Nanoparticles hold great promise for cancer diagnostics and therapies, but only to the extent that they can be selectively guided to tumors and cancer cells. Leading a multidisciplinary group from Dartmouth College, Karl E. Griswold, PhD published, “Antibody-mediated targeting of iron oxide nanoparticles to the Folate receptor alpha increases tumor cell association in vitro and in vivo,” in the International Journal of Nanomedicine, which follows closely the publication of “Tumor Cell Targeting by Iron Oxide Nanoparticles is Dominated by Different Factors in Vitro versus in Vivo,” published in PLOS ONE.
“The ultimate utility of anti-cancer nanoparticle technologies will depend in large part on their capacity to selectively home to cancer cells,” explains Griswold. “Achieving optimal targeting of nanoparticles in clinically relevant scenarios remains a key challenge for researchers in this space.”
The in vivo environment is enormously complex, and there exists an extensive array of variables that determine distribution and cellular targeting of nanoparticles in the body. Homing of nanoparticles to tumors is dependent upon parameters such as nanoparticle size and composition, molecular targeting, surface chemistry, route of administration, cancer cell type, and tumor location.

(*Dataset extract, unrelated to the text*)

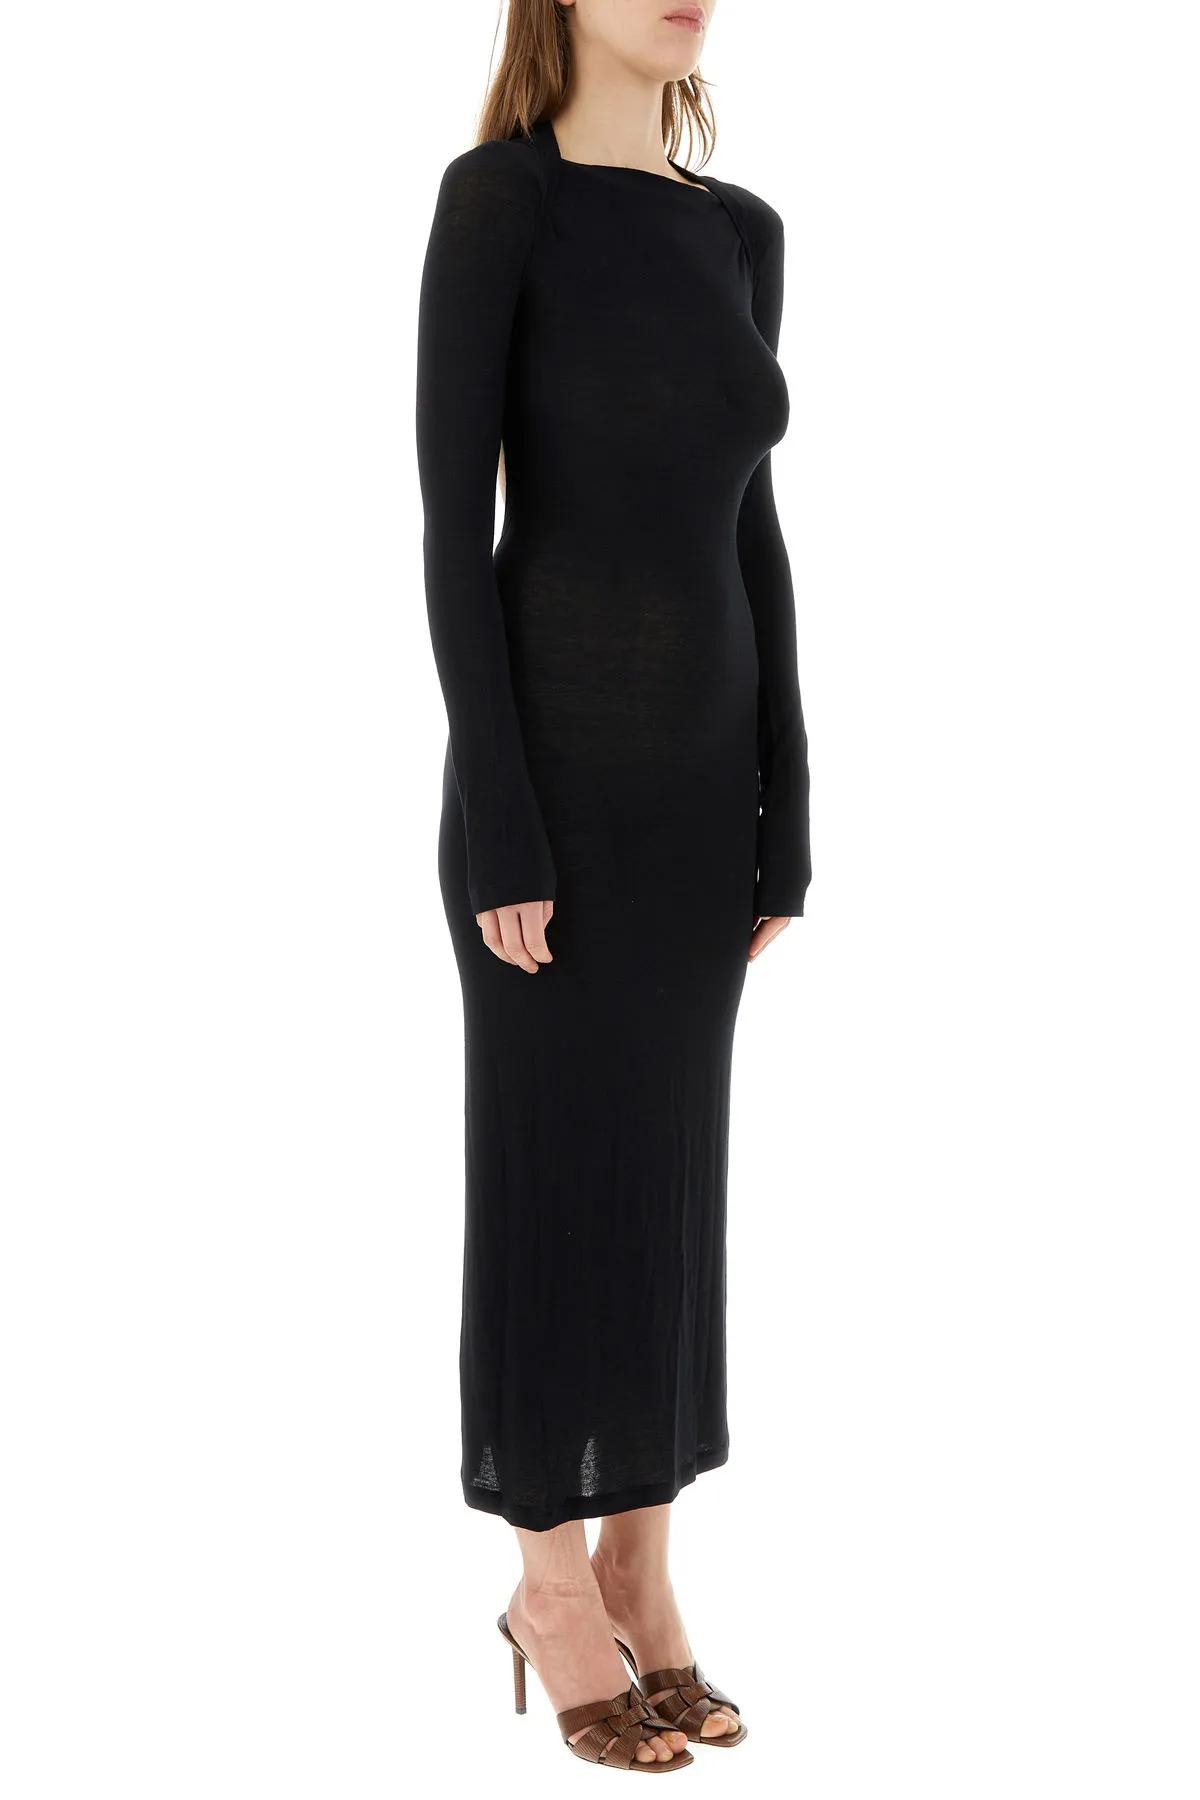 Shop Saint Laurent Black Viscose Blend Dress

Using carefully designed and rigorously validated functional nanomaterials, the Dartmouth team pursued a systematic study of those variables in xenograft models of both breast and ovarian human cancers. The in vivo studies showed that antibody targeted iron oxide nanoparticles accumulated in tumor tissues following systemic administration, whereas non-targeted nanoparticles failed to show any detectable tumor association. Importantly, molecular targeting not only localized nanoparticles to tumor masses, but it also resulted in nanoparticle internalization by the cancer cells at a microscopic level.
“This ability to accumulate iron oxide nanoparticles within cancerous cells following systemic administration has important implications for diagnostic and therapeutic applications of this particular type of magnetic nanomaterial,” says Griswold.

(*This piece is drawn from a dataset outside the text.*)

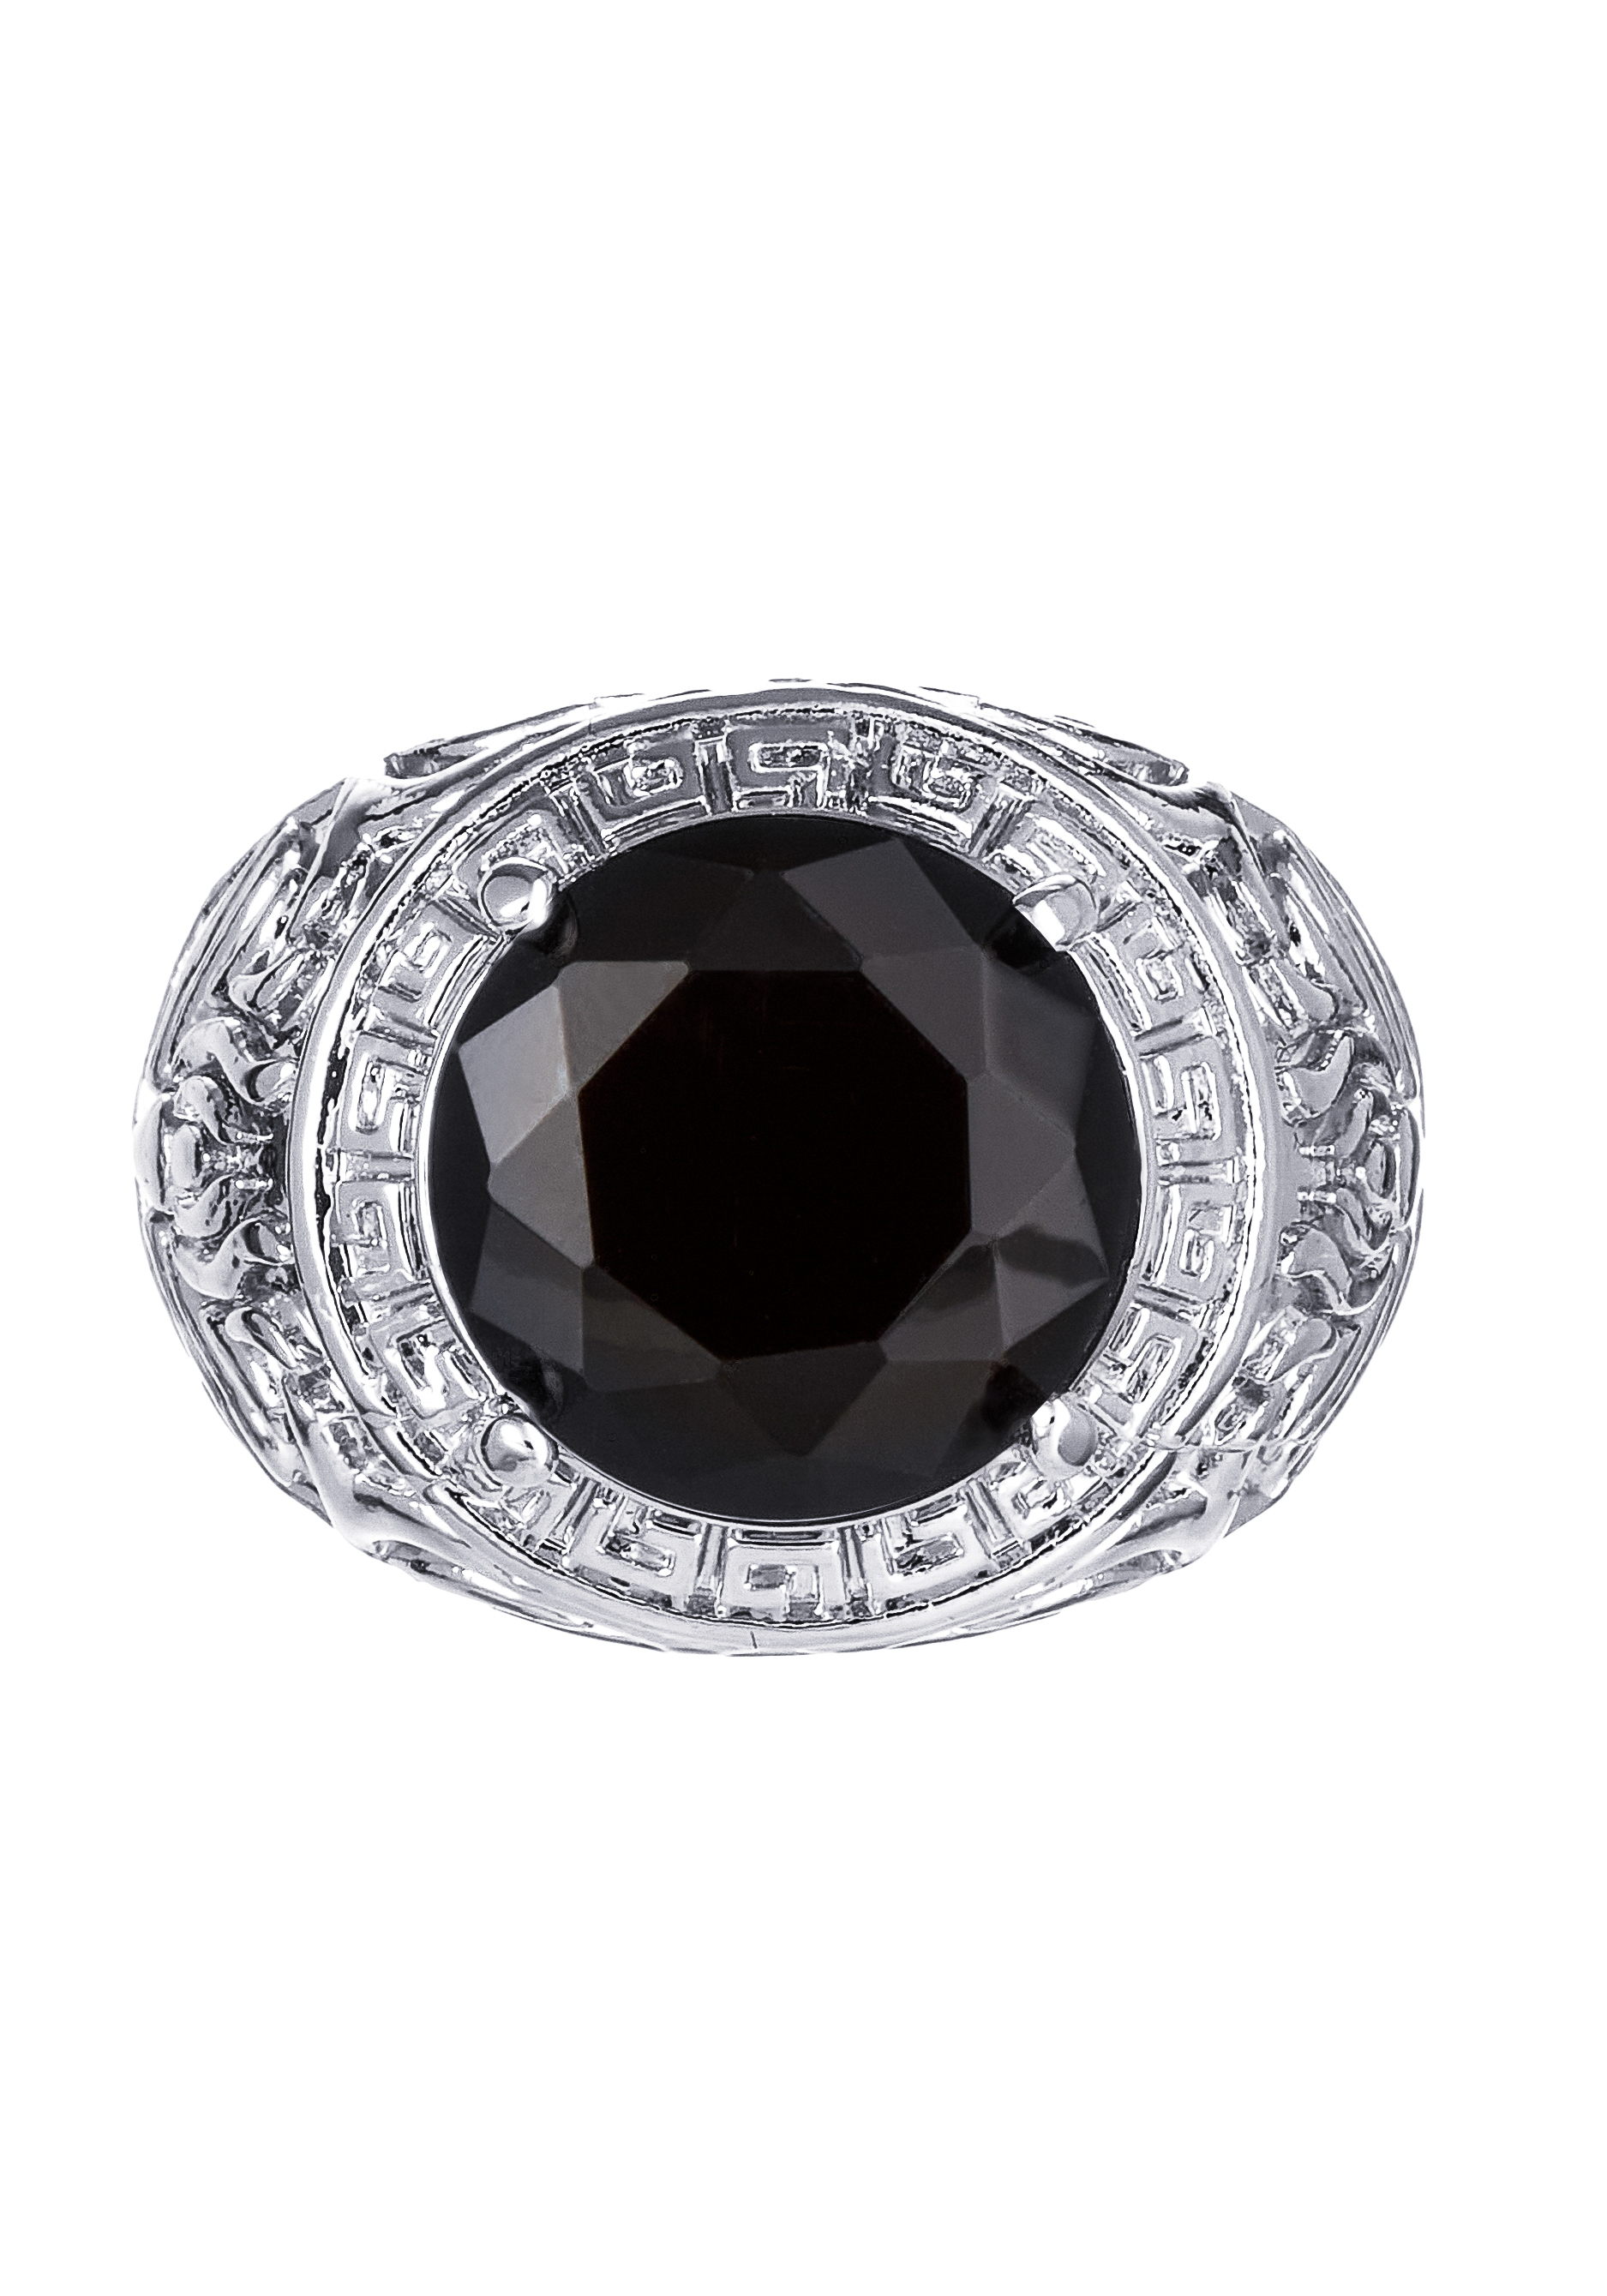 Комплект "Загадочная ночь" Apsara, цвет черный, размер 18 перстень - фото 8

The multidisciplinary Dartmouth studies utilized a broad variety of Dartmouth’s Shared Resources for scientific investigation including the Dartmouth Transgenic and Genetic Construct Shared Resource; the Dartmouth Electron Microscope Facility; the Dartmouth Center for Cancer Nanotechnology Excellence, Toxicology, Biodistribution, and Pathology Core; the Dartmouth Trace Element Core; and the Dartmouth-Hitchcock Norris Cotton Cancer Center Pathology Translational Research Core. All of the Dartmouth Cores and Shared Resources are open to outside investigators by arrangement.
“In studying cancer at Dartmouth, we are committed to team science,” says Griswold. “Solutions to problems like these require transdisciplinary collaborations operating at the complex interfaces between molecular biotechnology, nanotechnology, biology, and medicine.”
Looking forward, the researchers are in the final stages of follow-up work synthesizing and characterizing more sophisticated iron oxide nanoparticles that are more capable of targeting the inherent heterogeneity of cell surface markers in tumor microenvironments.
Karl Griswold is Professor of Engineering at Dartmouth’s Thayer School of Engineering. His work in cancer is facilitated by Dartmouth’s Norris Cotton Cancer Center in Lebanon, NH where he is a Member of the Immunology & Cancer Immunotherapy Research Program.
Funding for these projects was provided by the Dartmouth Center for Cancer Nanotechnology Excellence, holder of Norris Cotton Cancer Center’s National Institutes of Health – National Cancer Institute grant 1 U54 CA151662.